Associate Principal Scientist, Bioinformatics, Oncology
At AstraZeneca we turn ideas into life changing medicines. Working here means being entrepreneurial, thinking big and working together to make the impossible a reality.
The vision of AstraZeneca Oncology is to redefine cancer, redefine our solutions to cancer, and restore patients' lives. To achieve this, we have an exciting and diverse portfolio combining agents targeting tumour cell drivers/dependencies and the tumor microenvironment and immune response.
The Oncology Bioinformatics group work within cross-disciplinary drug project teams throughout the discovery and translational pipeline, driving new target discovery, pre-clinical and clinical research. The global group, currently 12 full time positions plus graduates and post-docs, spans the UK and US.
We are generating clinical and pre-clinical multi-omic data sets to advance precision medicine and drive a new generation of cancer targets. An exciting opportunity exists for a talented and motivated individual with expertise in tumour driver biology to lead the bioinformatics efforts in this area of our portfolio, with responsibility for the scientific output of 3 - 5 bioinformaticians.

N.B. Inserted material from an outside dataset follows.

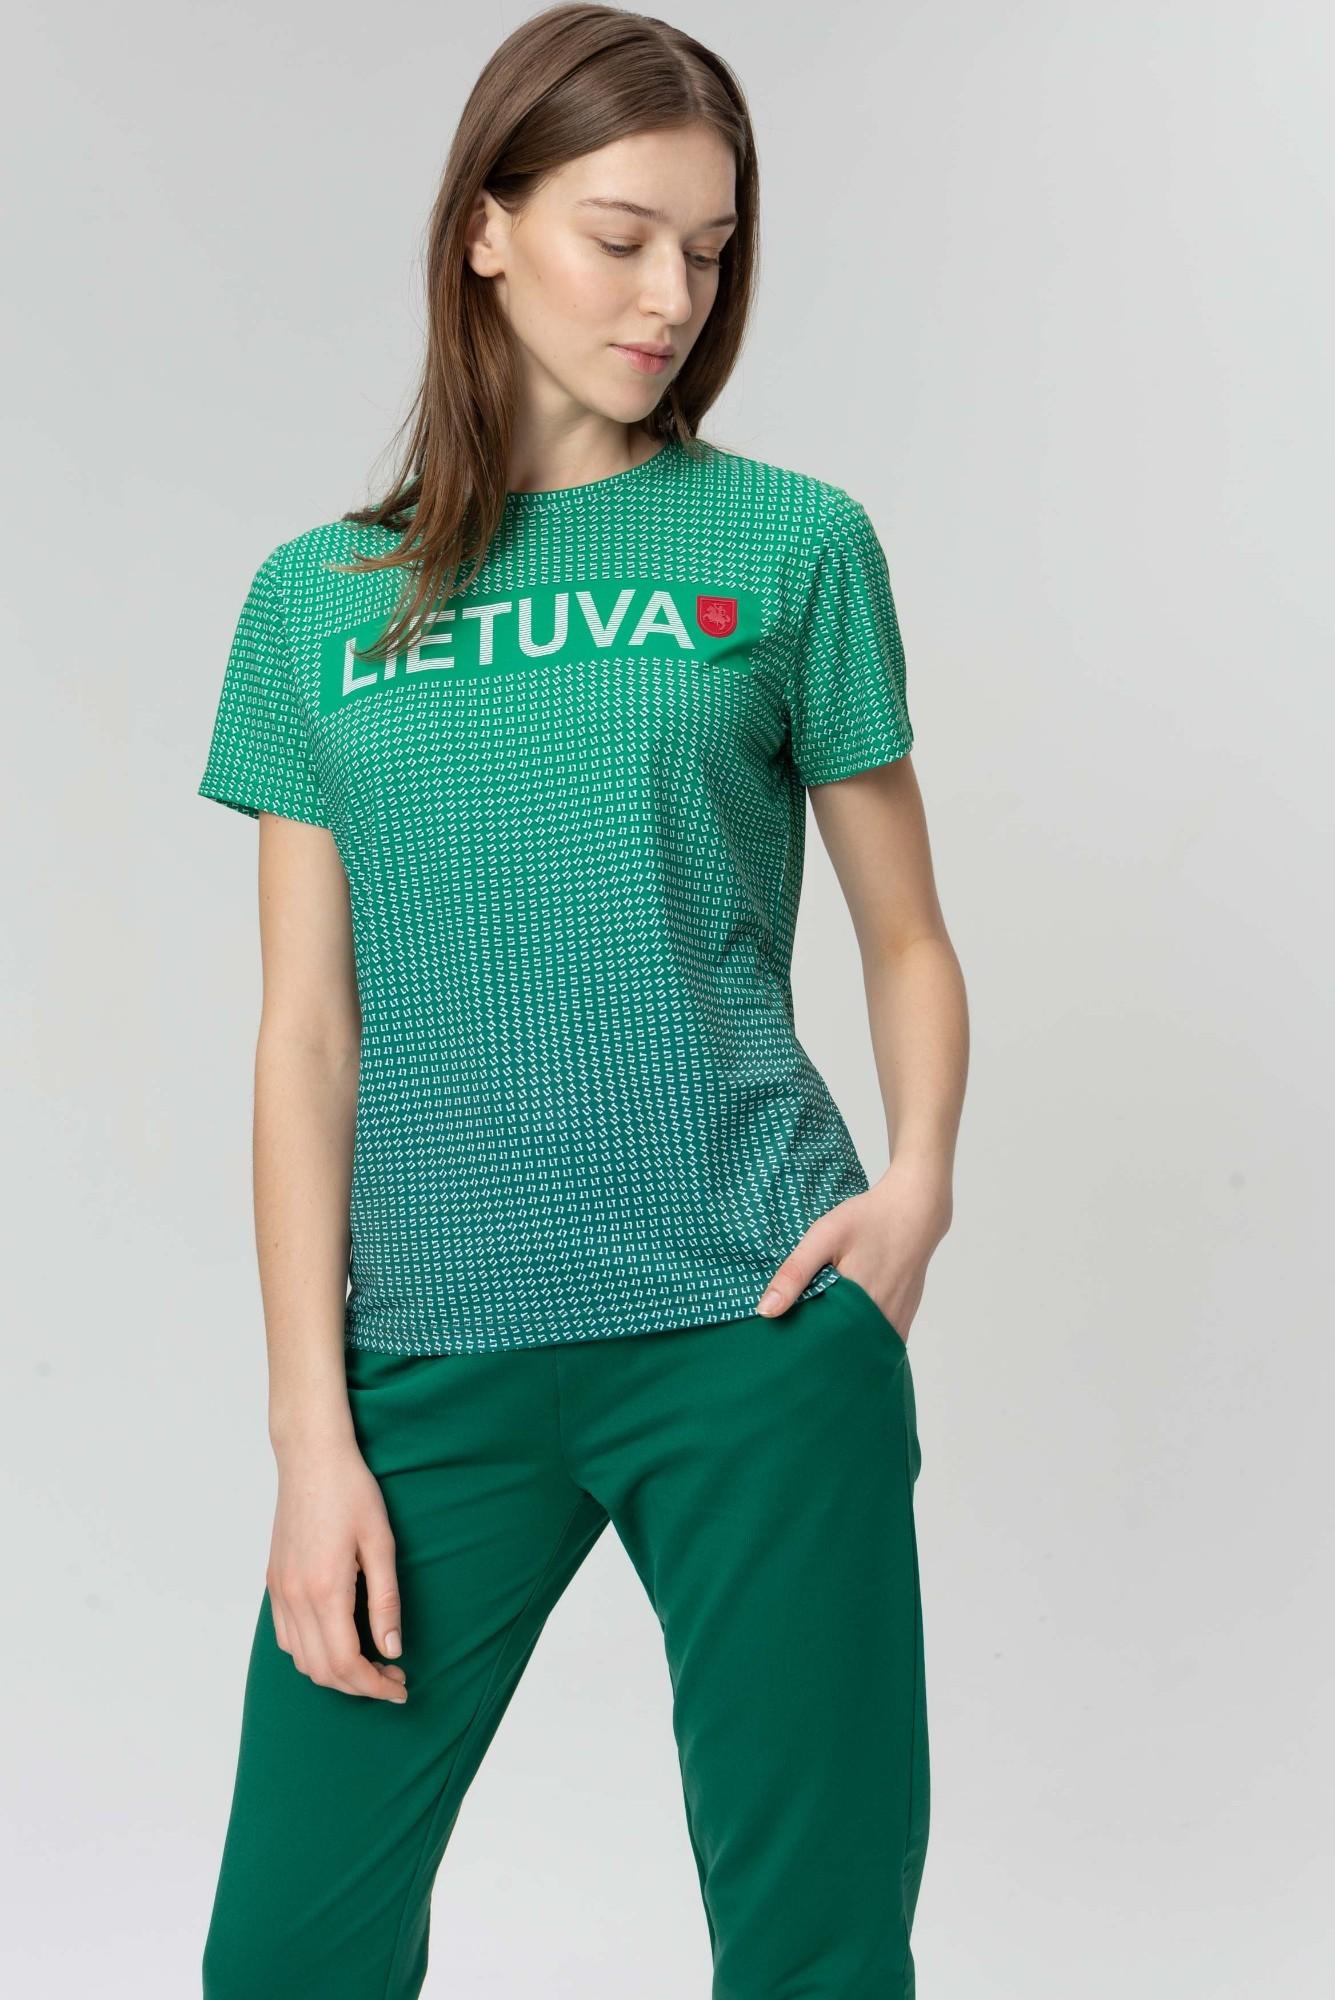 AUDIMAS Funkcionalūs marškinėliai 20LT-001 Jolly Green Printed L

You will work closely with your peers that have responsibility for drug resistance, DNA damage and immune oncology.
- Provide strategic oversight, direction and prioritisation to bioinformatics activities within the tumour drivers portfolio
- Lead the development of new approaches that benefit the identification and characterisation of tumour drivers
- Work closely with bioscience and translational science discipline leaders to understand where bioinformatics approaches can best impact their scientific and technical challenges
- Identify, propose and lead external collaborative interactions to support the tumour drivers portfolio and enhance relevant methodological capabilities
- Design and apply innovative computational/statistical algorithms and visualizations to:
- Generate actionable biological insight from genomic data
- Discover and develop new molecular target, mechanism and biomarker hypotheses for drug projects
- Link multi-omic data sets from patients and in vitro/vivo models
- Integrate and interpret proprietary and public data spanning multiple platforms
- Find new ways of interpreting, modelling or finding meaningful patterns in complex data
- Proactively engage in knowledge sharing and peer support, including training our bench science community, to build expertise in the tools critical to Oncology Bioinformatics
- Build and steer further development of small prototype tools for bench scientists to access and visualize project data
There is a competitive salary and flexible benefits package on offer for this position. Applications close on Friday 17th November 2017.
- Relevant PhD (or equivalent graduate degree plus experience), plus between 3 and 5 years post-doctoral or industrial experience.
- Deep expertise in genetics/genomics, oncology/tumour driver biology and computational biology.
- Proficiency analyzing and interpreting data from multiple 'omic platforms (NGS sequencing, transcriptomic, epigenetic, proteomic etc.).
- Expertise applying mathematical approaches to identify and interpret associations in diverse molecular and phenotypic data; knowledge of large-scale machine learning techniques.
- Understanding of the biological systems and signaling involved in tumour drivers & resistance.
- An enthusiasm to explore non-traditional approaches to bring big data together in biologically meaningful ways.
- Programming in a Unix environment.
- R programming expertise (inc. use of Bioconductor and Shiny).
- Skilled in effective communication of complex data to a non-expert.
- An excellent publication track record.
- Familiarity with drug discovery and the role of bioinformatics therein.
- Well networked within external bioinformatics and oncology communities.
- Experience of leading bioinformatics efforts aligned to drug discovery.
- Effective leadership of collaborative projects involving cross-disciplinary and global teams.
- Experience using data science techniques for:
- Time series and real-time data analytics
- Real world evidence/electronic health records
- NLP and cognitive approaches for consumption and actionable interpretation of scientific literature.
- Predictive machine/deep learning, with a focus on techniques revealing actionable biological insight from feature use and predictive rules.
- Mathematical, Boolean and/or computational modeling of human disease mechanisms.
- Graph and Bayesian modeling techniques.
- Experience with Python/Perl programming languages
- Software development experience including the creation and maintenance of relational databases
Next Steps - Apply today!
AstraZeneca is an equal opportunity employer. AstraZeneca will consider all qualified applicants for employment without discrimination on grounds of disability, sex or sexual orientation, pregnancy or maternity leave status, race or national or ethnic origin, age, religion or belief, gender identity or re-assignment, marital or civil partnership status, protected veteran status (if applicable) or any other characteristic protected by law. AstraZeneca only employs individuals with the right to work in the country/ies where the role is advertised.